■ **Given data**:

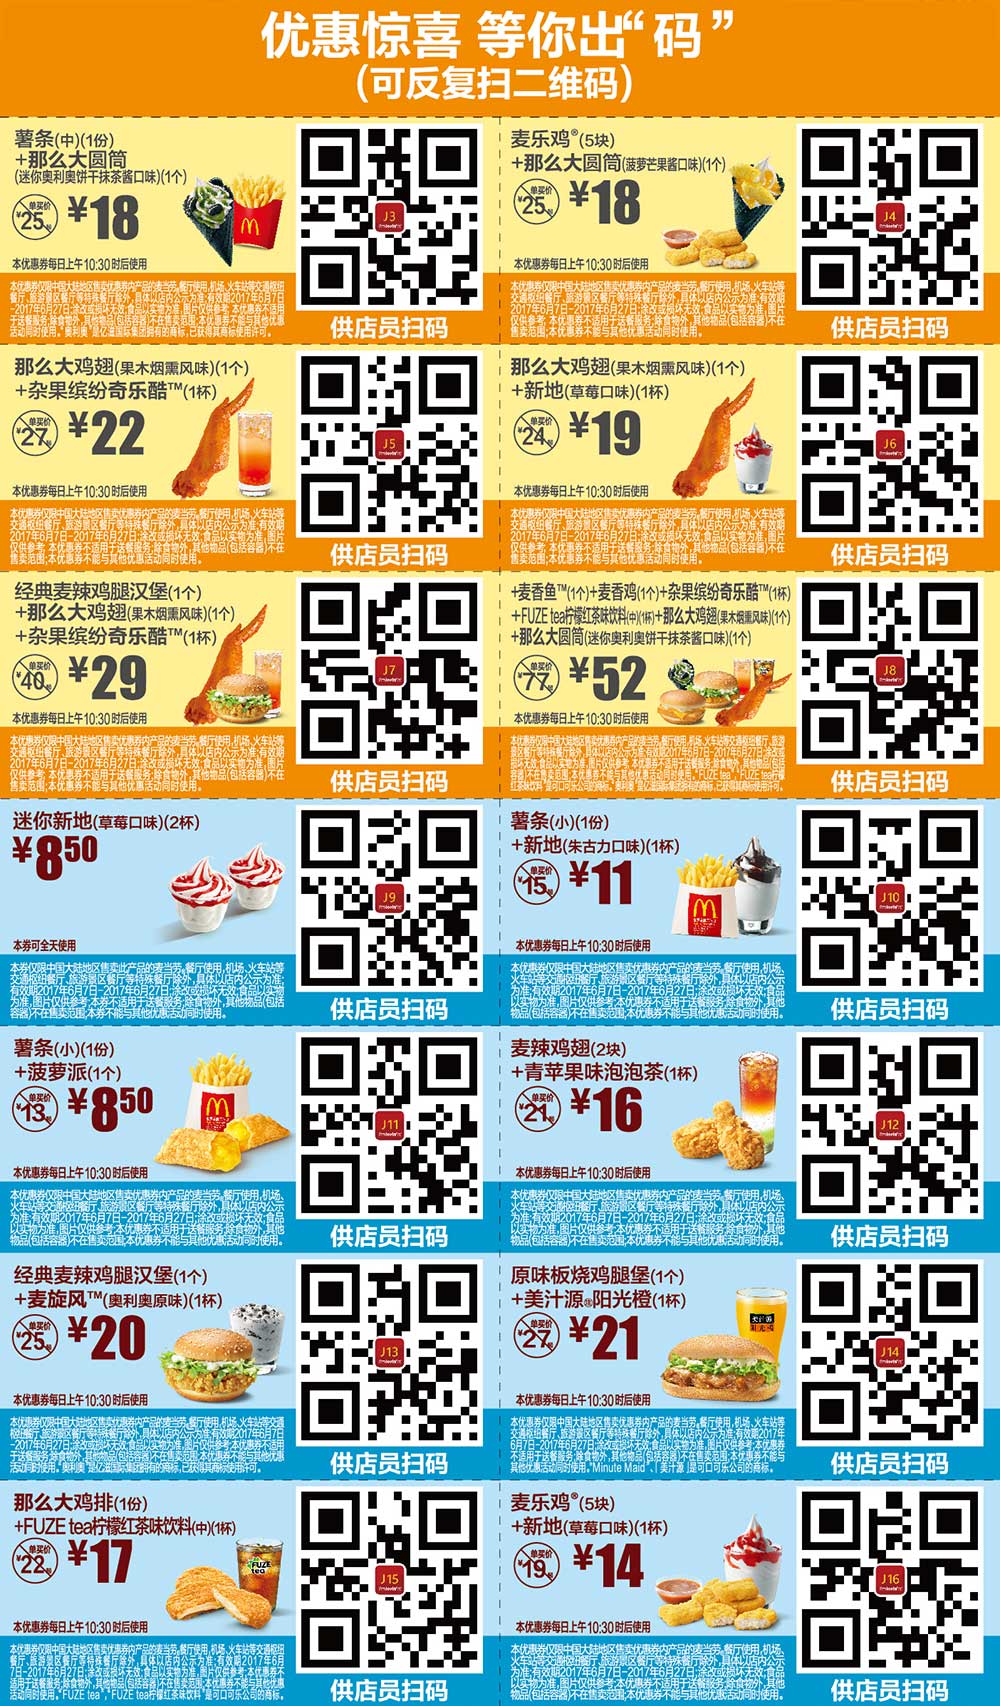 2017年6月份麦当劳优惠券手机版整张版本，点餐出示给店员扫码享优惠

---

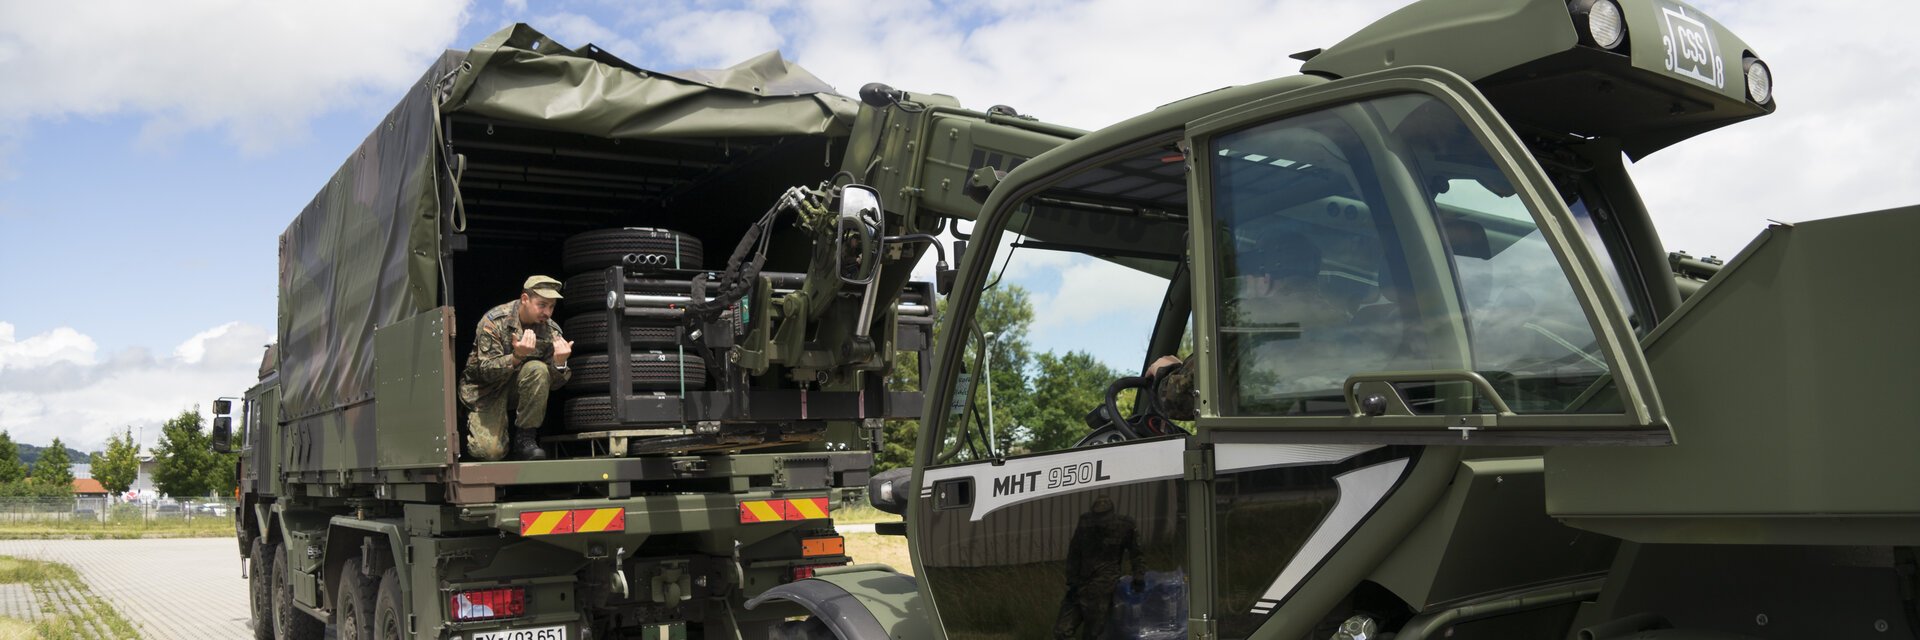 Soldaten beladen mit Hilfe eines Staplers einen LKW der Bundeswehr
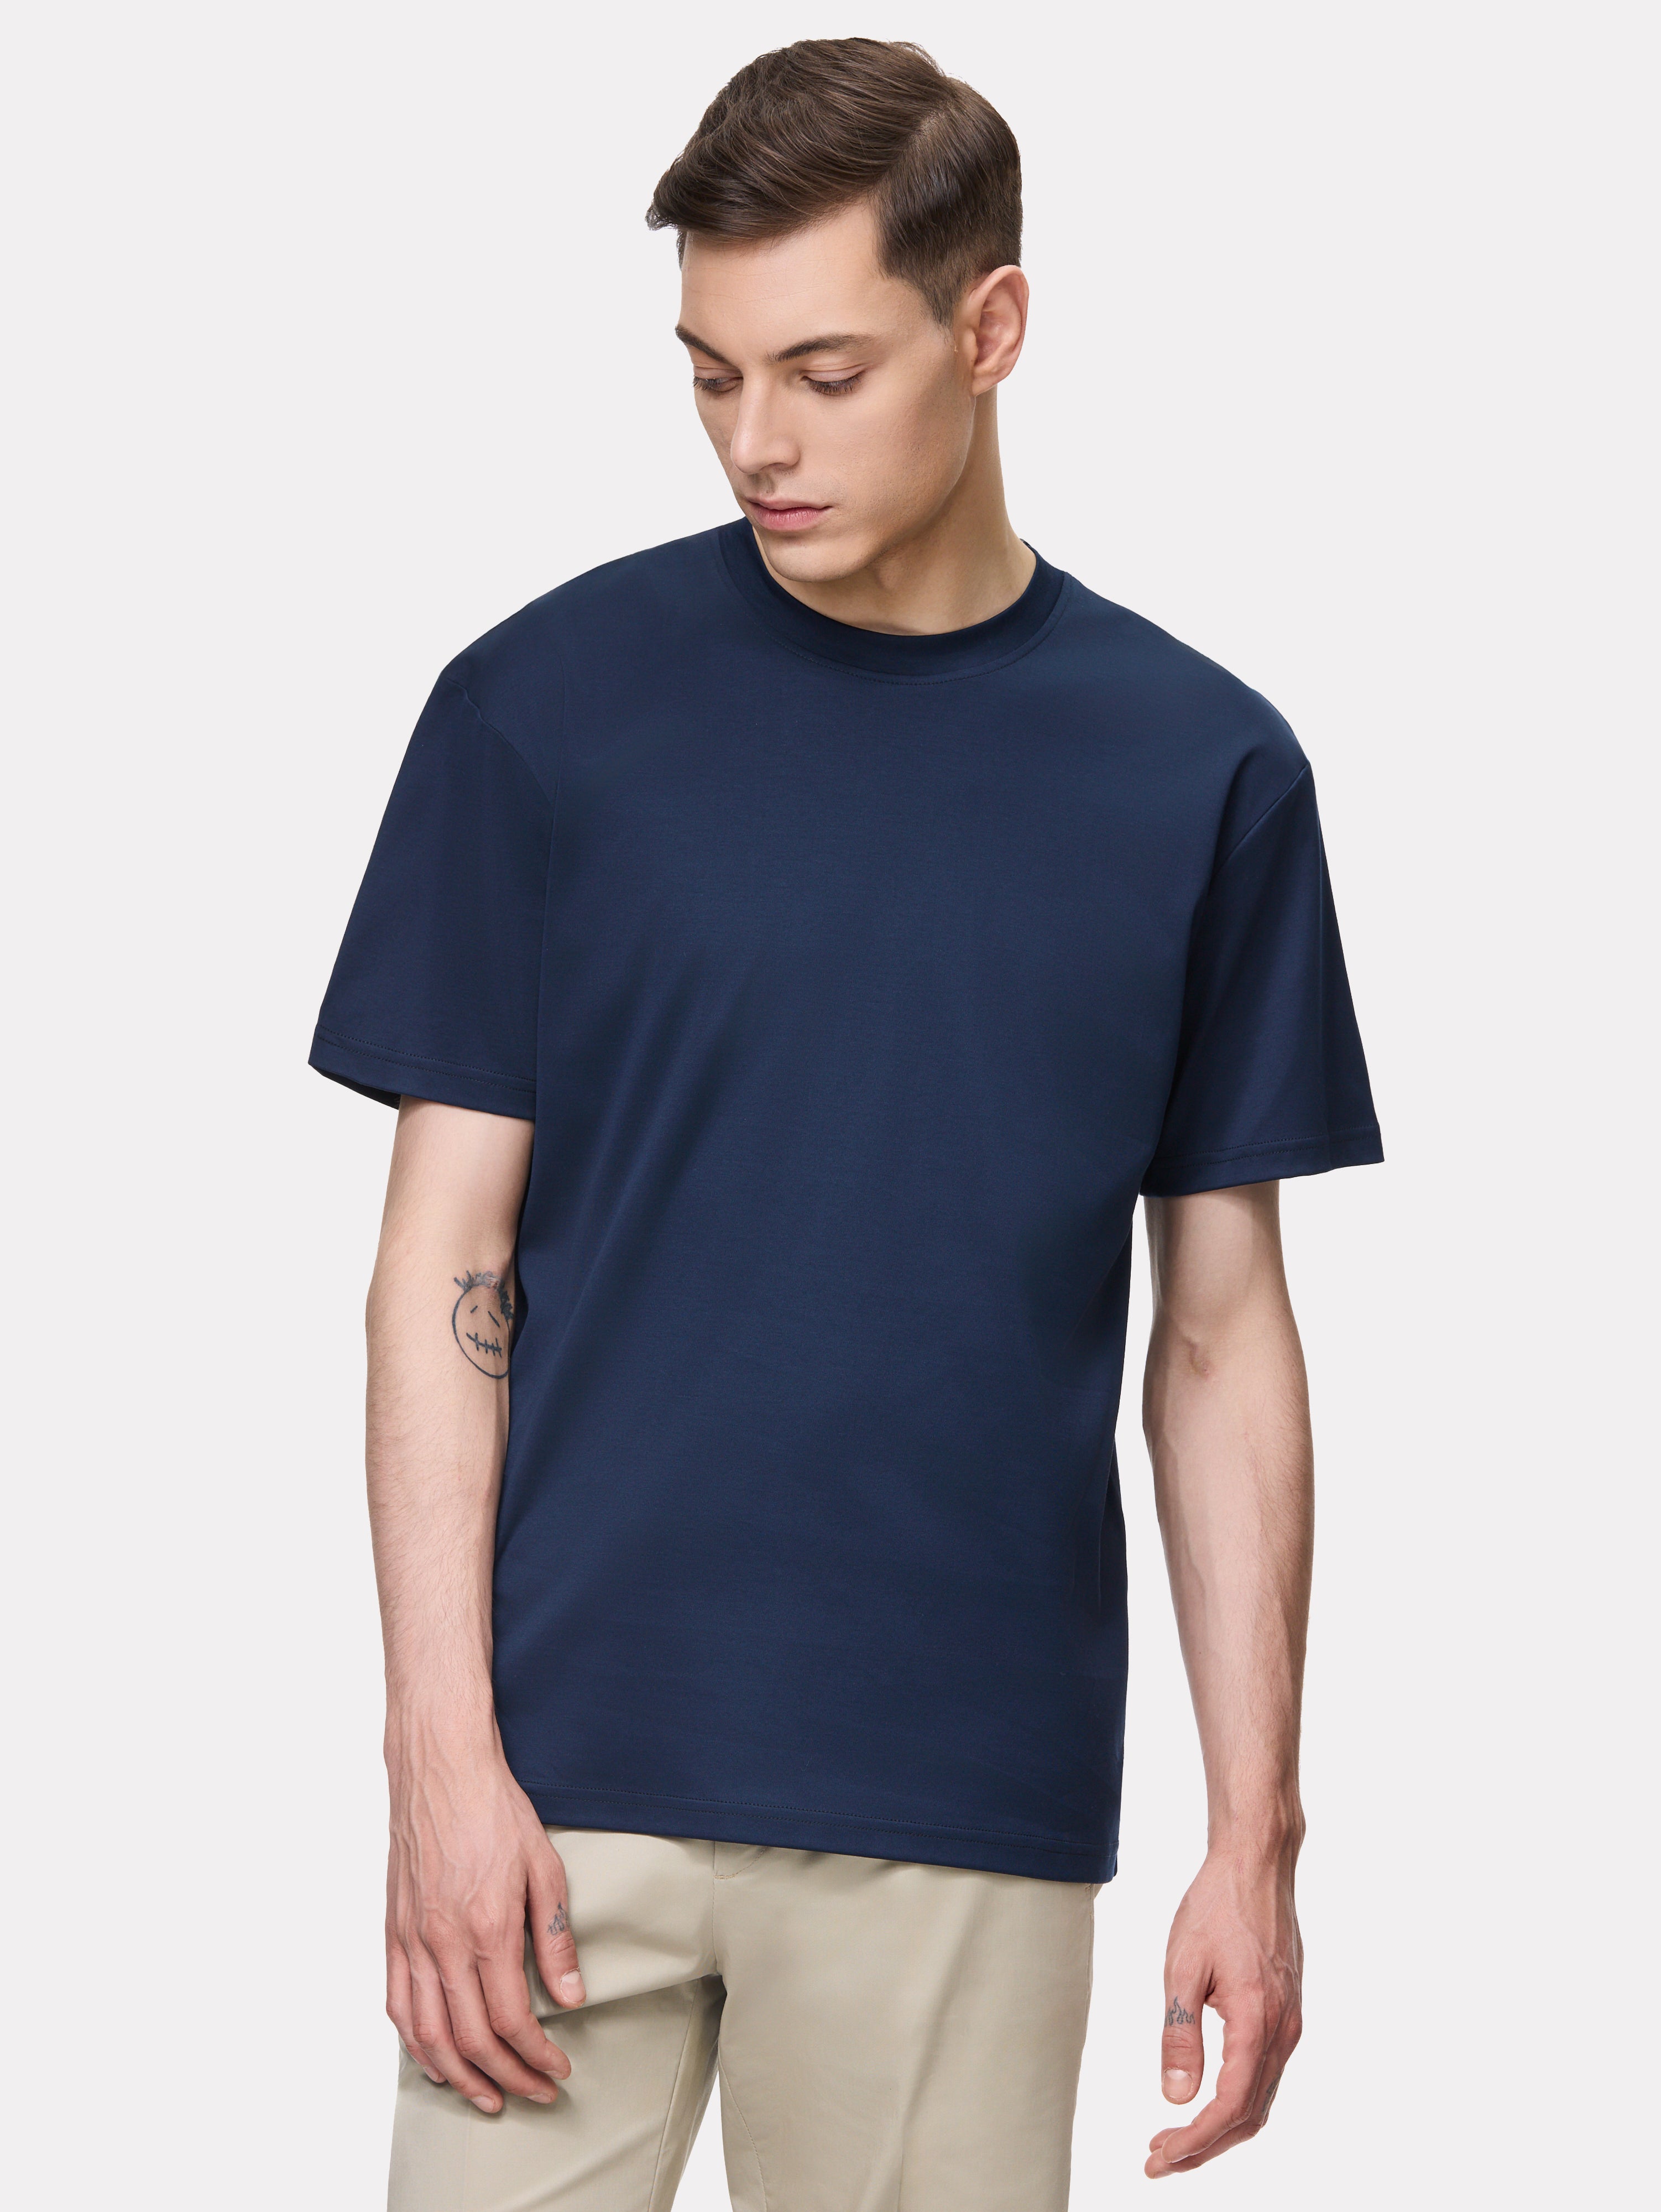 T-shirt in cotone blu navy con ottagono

--

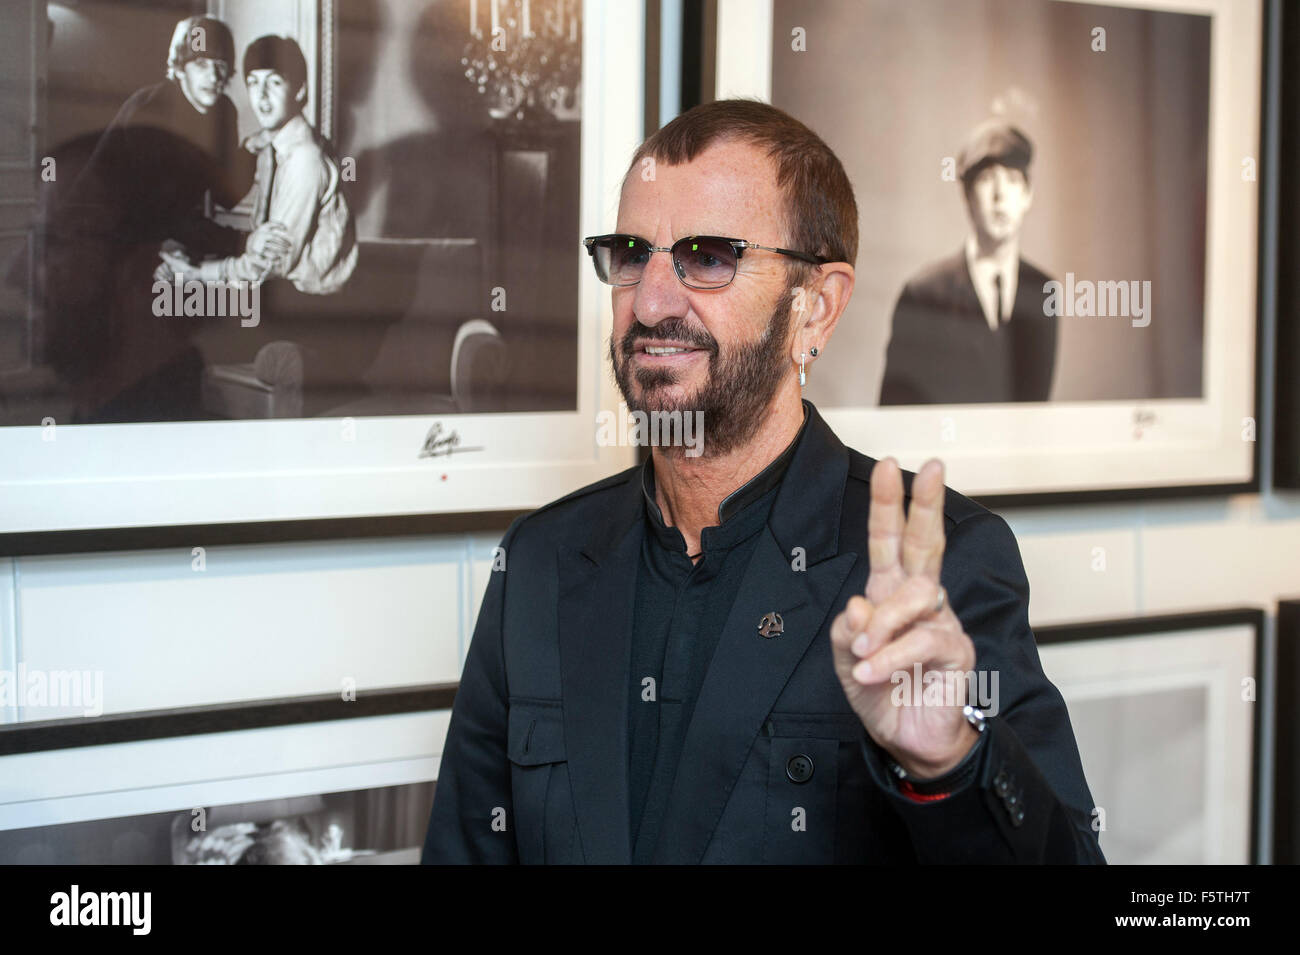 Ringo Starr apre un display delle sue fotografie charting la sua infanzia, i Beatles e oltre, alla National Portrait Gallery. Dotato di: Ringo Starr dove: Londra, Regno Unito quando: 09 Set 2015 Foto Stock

■ **Your assignment**:
In the listing above, find the line containing "Soldaten beladen mit" and the line containing "T-shirt in cotone blu navy con ottagono", then return both of them and every line between, exactly, without pictures.

■ **Solution**:
 Soldaten beladen mit Hilfe eines Staplers einen LKW der Bundeswehr
 T-shirt in cotone blu navy con ottagono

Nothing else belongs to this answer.